We're Off To See The Wizard
The dilemma of the modern American voter is dramatized in the 1939 film in which a lion, a scarecrow, a tin man and Judy Garland follow a yellow brick road. They seek a wizard, great and powerful, who can provide courage, heart, mind and home to the wanderers. Only he can't, because he is just an ordinary man, with ordinary abilities and flaws, hiding behind larger-than-life pyrotechnics until the moment when a little dog reveals the trick and the wizard thunders, "Pay no attention to the man behind that curtain!"

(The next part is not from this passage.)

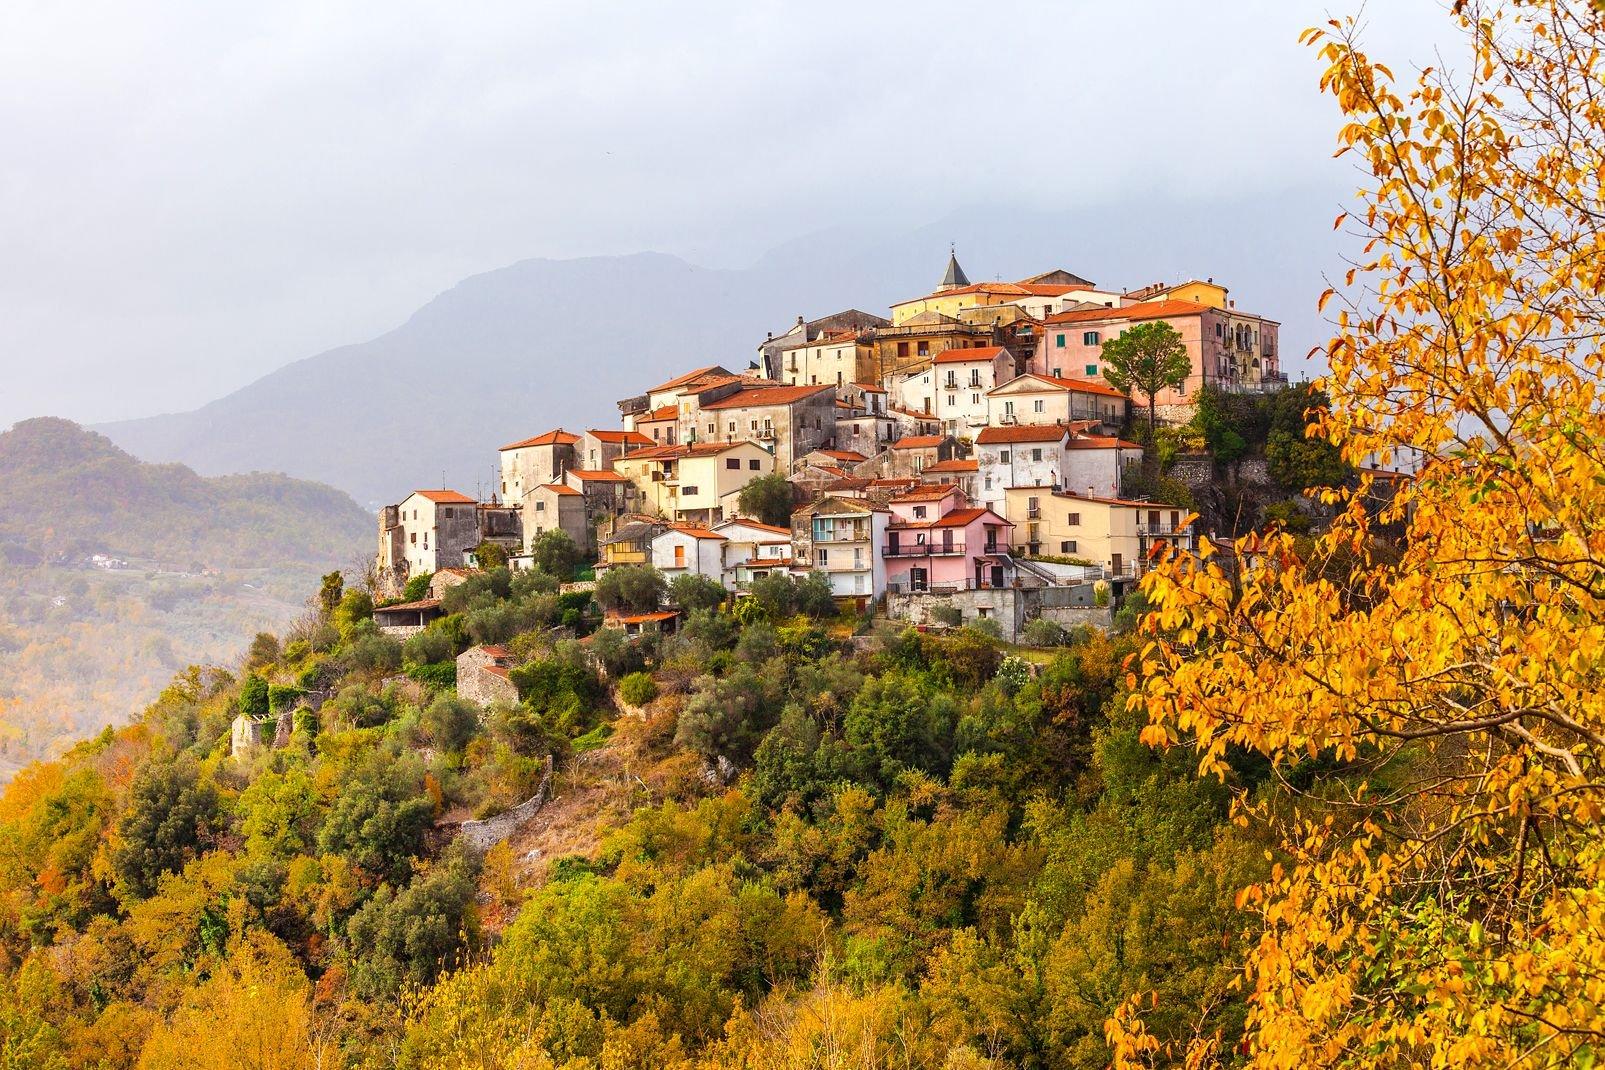 Molise, Italy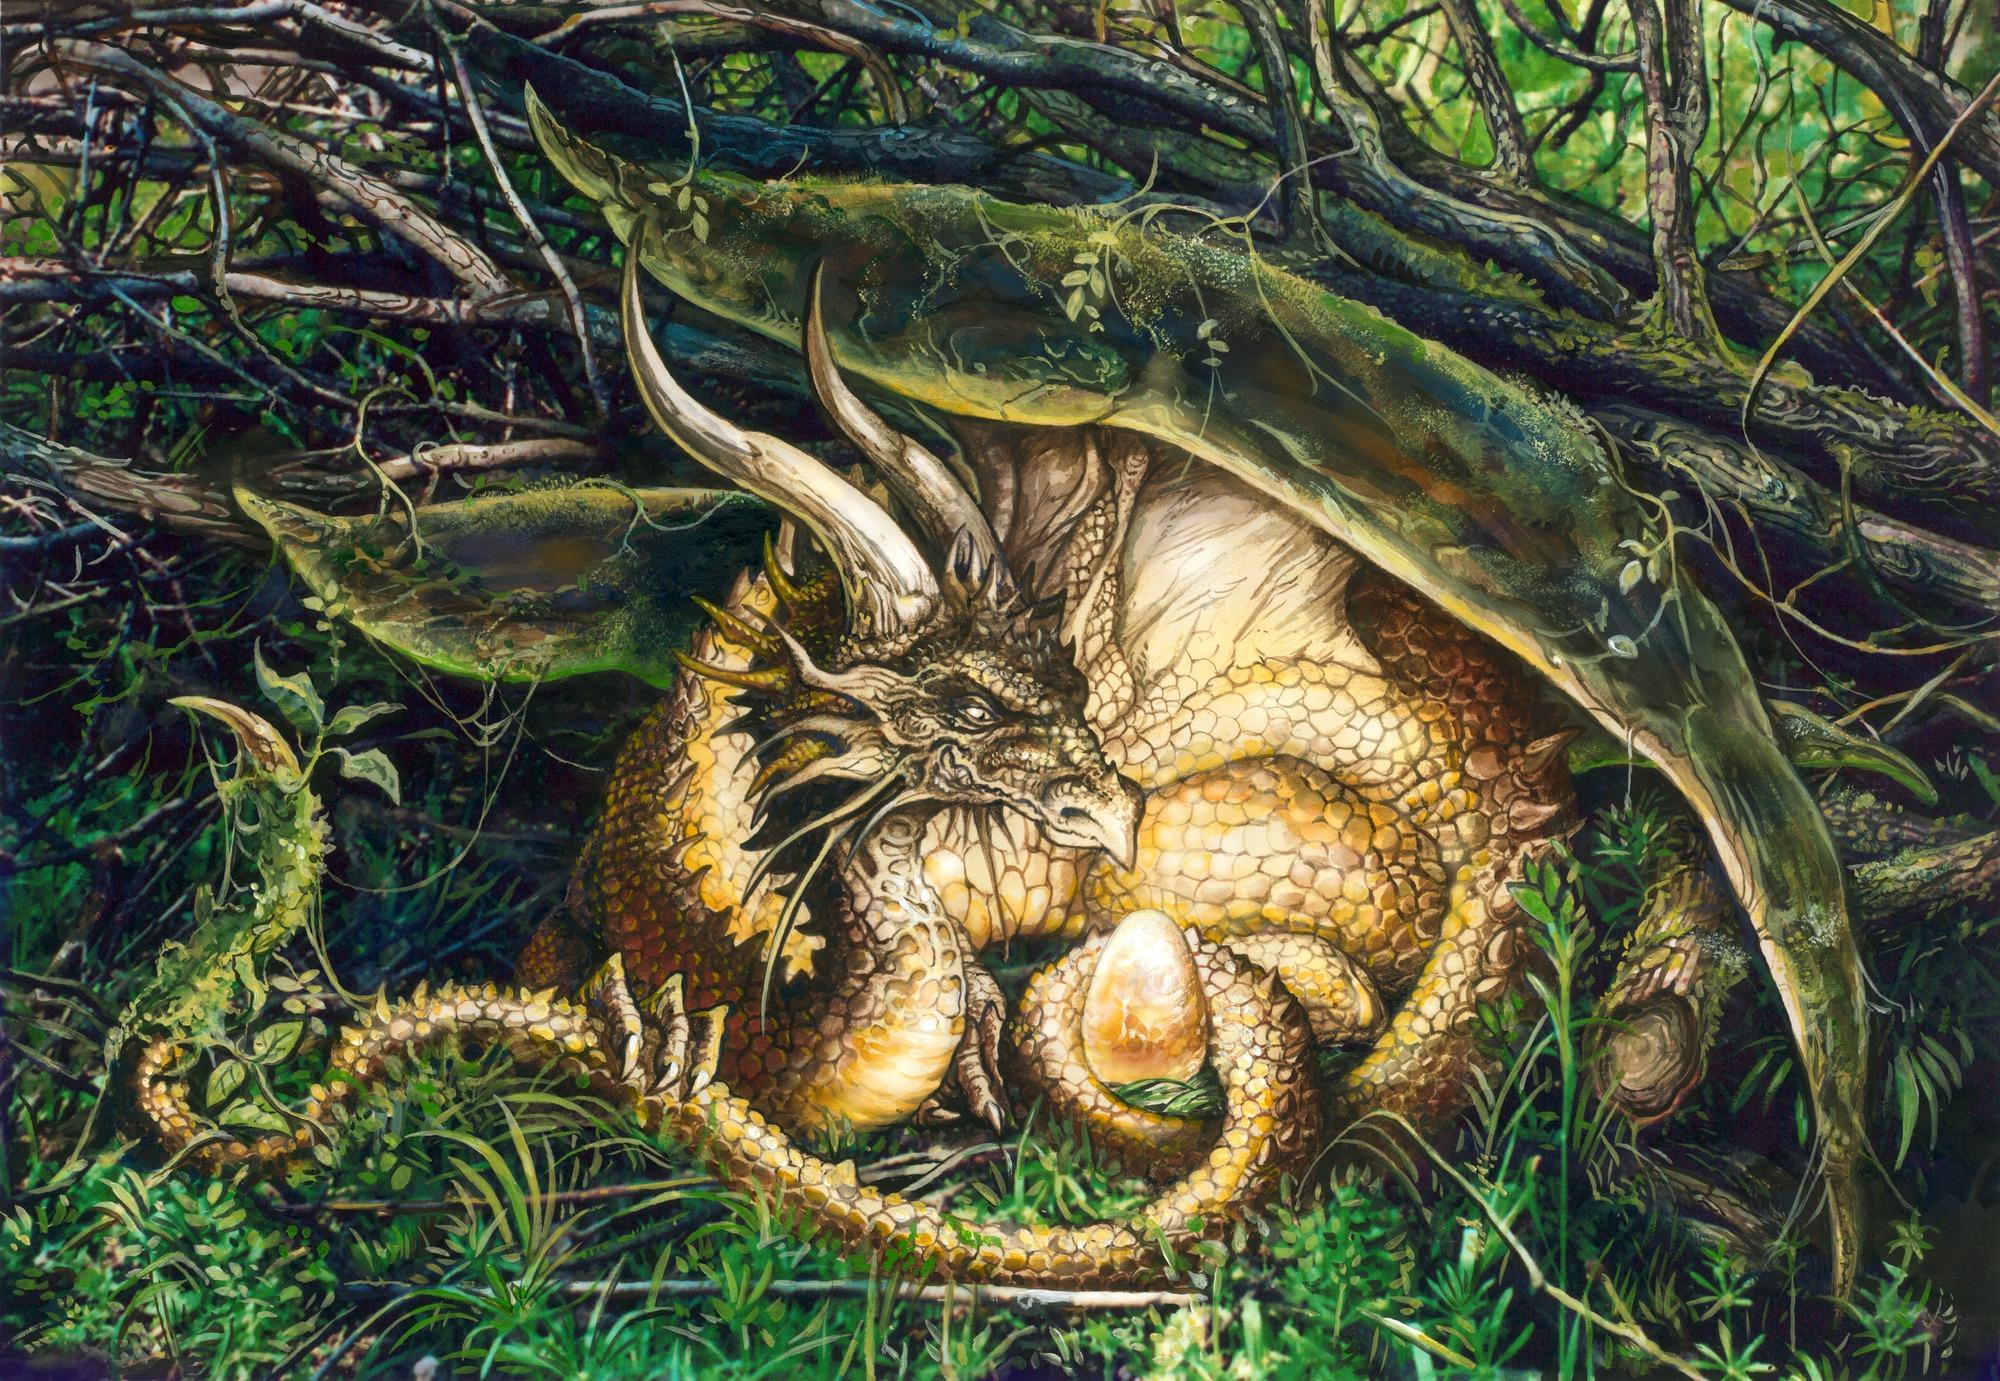 Dragons nest wall mural wallpaper wallsauce usa for Dragon mural wallpaper

This year's winner of the Wizard of Oz sweepstakes is Sen. John McCain, who in the course of the last few months has managed to convince voters that he is many things that he is not: a moderate, a centrist, perhaps even a closet liberal, a maverick who is working outside the system for a new kind of American politics, a populist Emerald City.
In fact the senator is a cookie-cutter conservative who has opposed abortion rights and gun control, affirmative-action legislation and environmental initiatives. In recent years he has voted largely in harmony with the Associated Builders and Contractors and the American Conservative Union and largely in opposition to the League of Conservation Voters and Handgun Control Inc. His Web site insists that he supports "effective, common-sense measures that help keep firearms out of the hands of criminals." But he voted against the Brady bill, the most effective common-sense measure to help keep firearms out of the hands of criminals to come before the Senate in his 14 years in that body.
On Larry King's show not long ago the senator said almost gleefully that groups of all stripes were out to get him, adding, "Look, they have got the National Right to Life people attacking me." This may have suggested McCain is pro-choice, although his legislative rating this year from the National Abortion and Reproductive Rights Action League is 0 percent. He voted against three of the five pieces of legislation the group thought were key in 1999, and was the only senator who was absent for both of the other two. On a 1998 vote to create a reserve fund to improve child care, McCain voted no; on a 1993 prohibition on the permanent immigration of people infected with the AIDS virus, he voted yes. And although he said in an interview that he would not discriminate against gay men and lesbians in his presidential appointments, as a senator he voted against prohibiting job discrimination on the basis of sexual orientation.
Pay no attention to the man behind that curtain.
Last week McCain was endorsed by former right-wing presidential candidate Gary Bauer, a man best known for trying to build a bridge to the 19th century. So how in the world has the senator managed to charm Republicans, independents, even Democrats who believe in centrist positions and personal freedom? Partly it is because his much-ballyhooed embrace of campaign-finance reform has been a convenient cloak of progressive politics. Partly it is because of his life story. During the Vietnam War McCain was a prisoner for five years, an ordeal that is especially compelling for middle-aged men who went to college instead of to Southeast Asia and who still privately suspect they lack the right stuff.